Exercise instructions: Skip the pictures. Output only the lines below starting at the line with "LacrosseMonkey.com Coupon" and ending at the line with "The Wonderful Wife: 12 Weeks Pregnant", both ends included, exactly as they are.

Provided data:

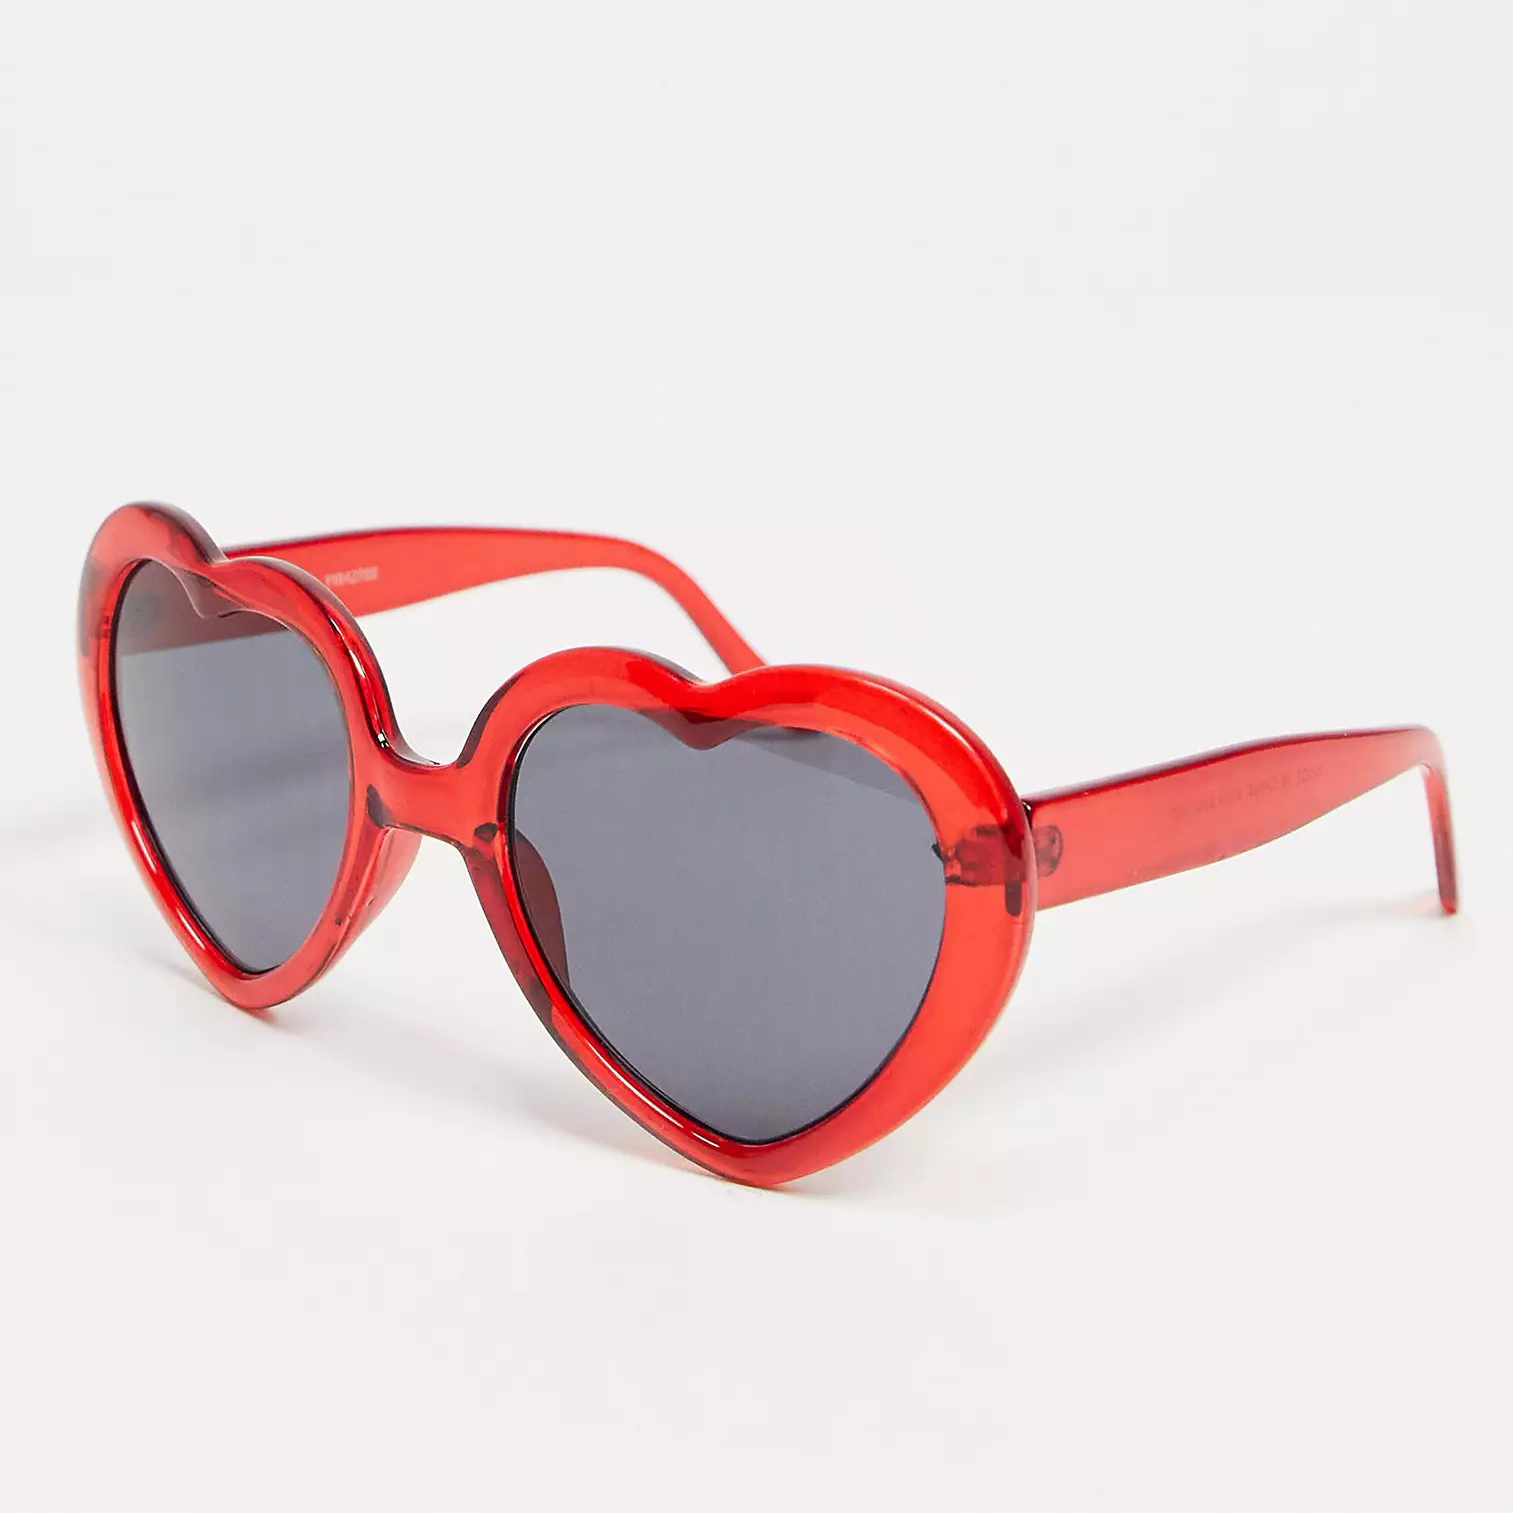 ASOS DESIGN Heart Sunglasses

==

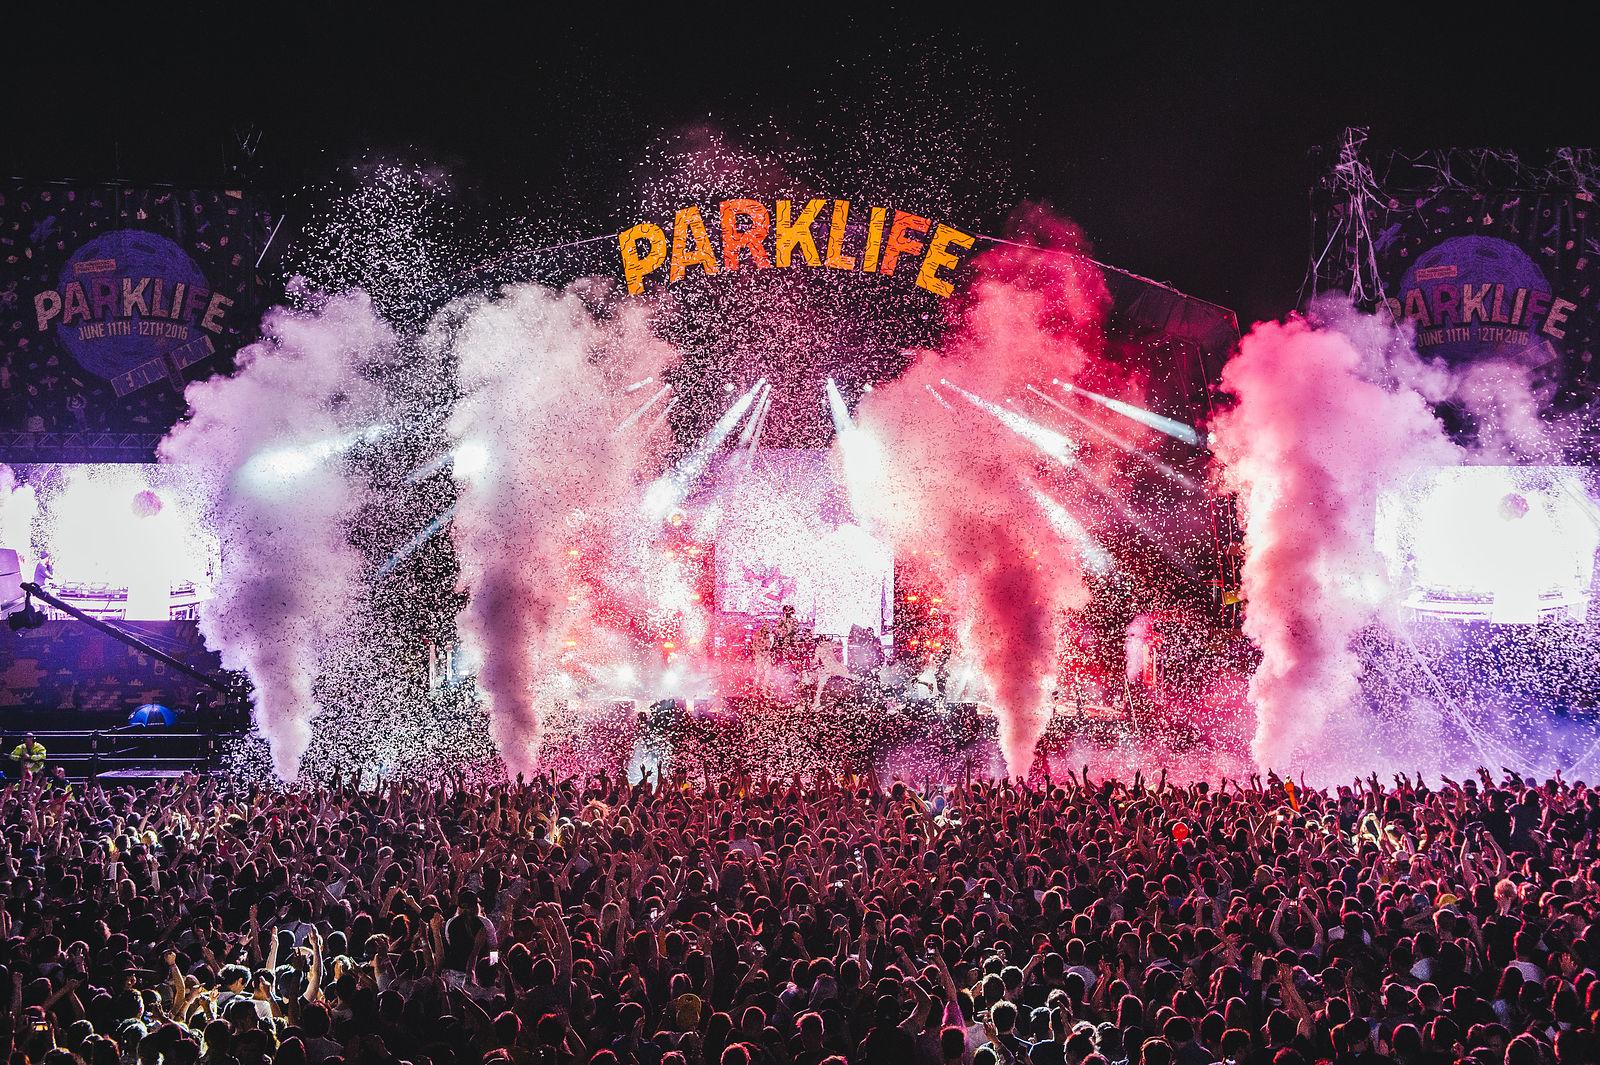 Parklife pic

==

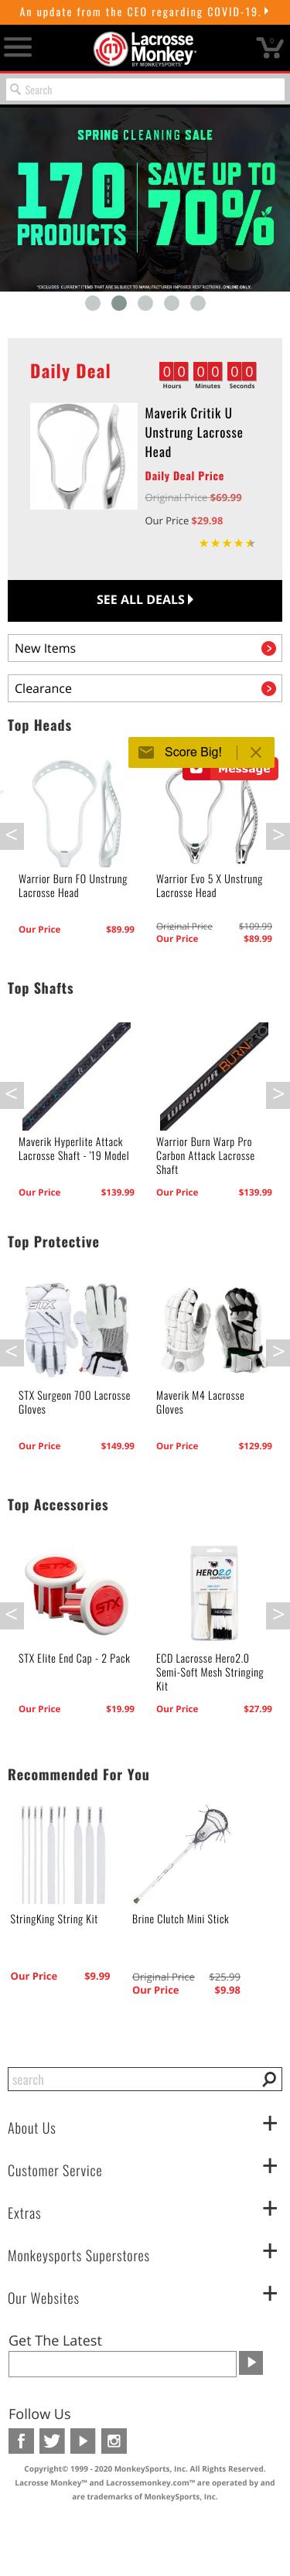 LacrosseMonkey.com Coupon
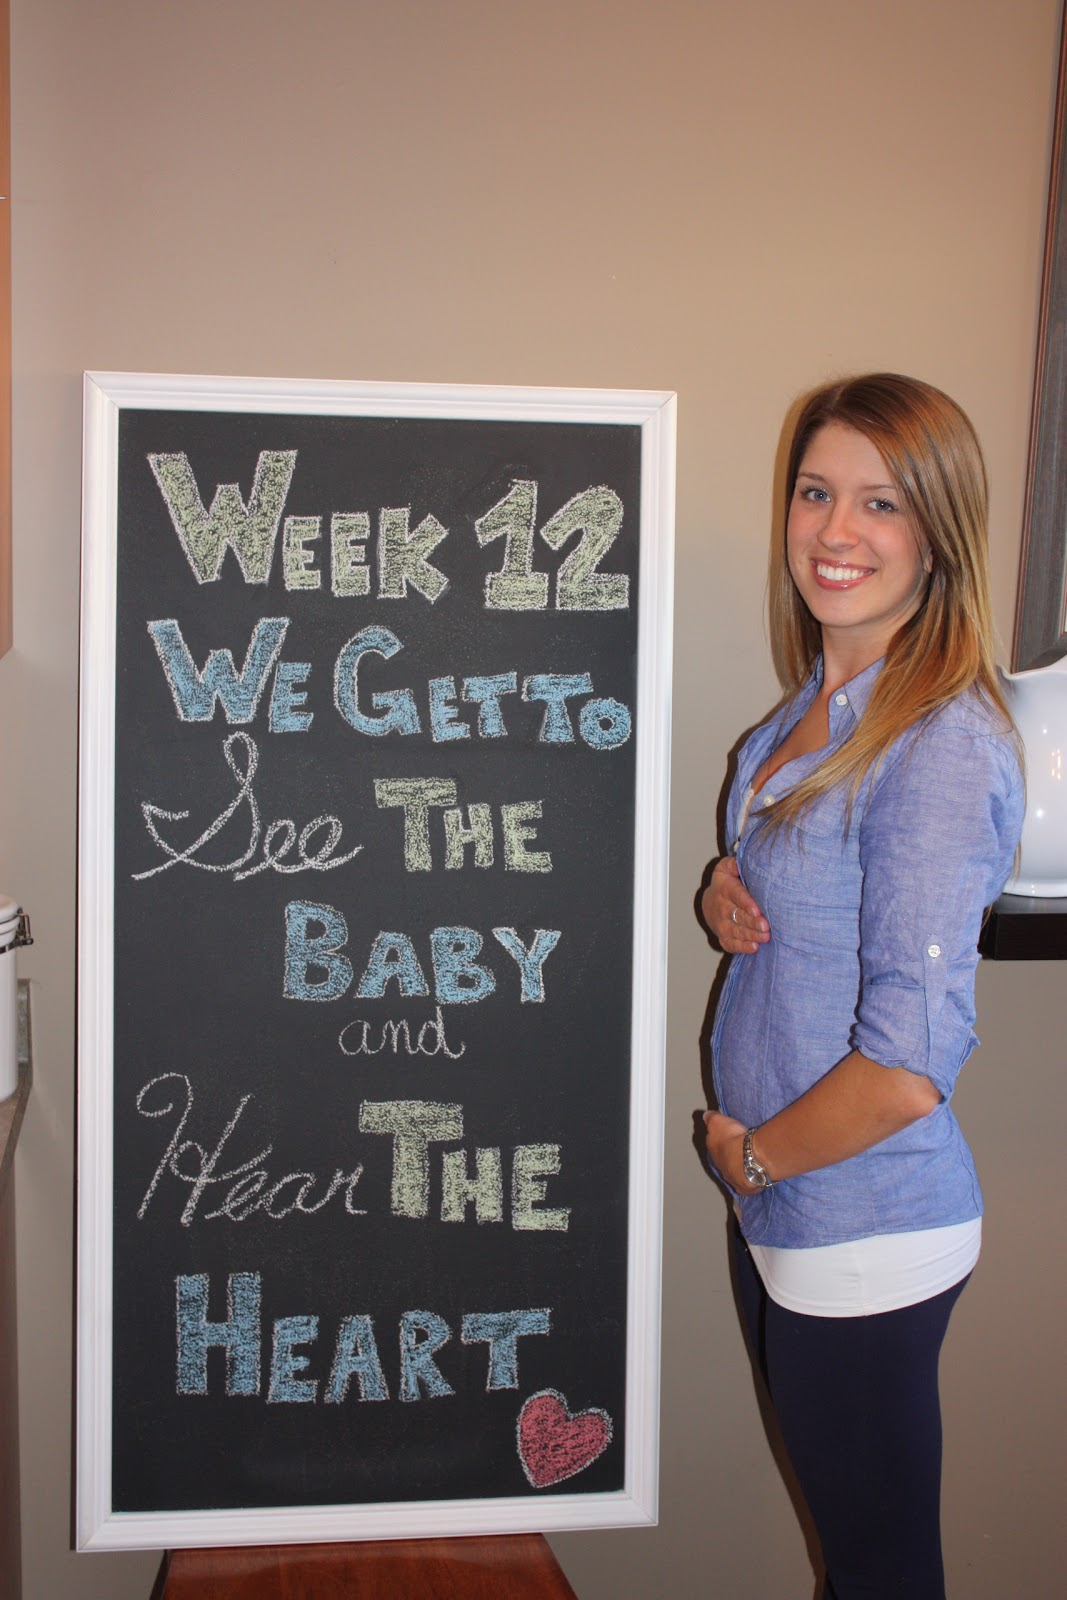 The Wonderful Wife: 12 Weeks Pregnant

Response to this task:
 LacrosseMonkey.com Coupon
 The Wonderful Wife: 12 Weeks Pregnant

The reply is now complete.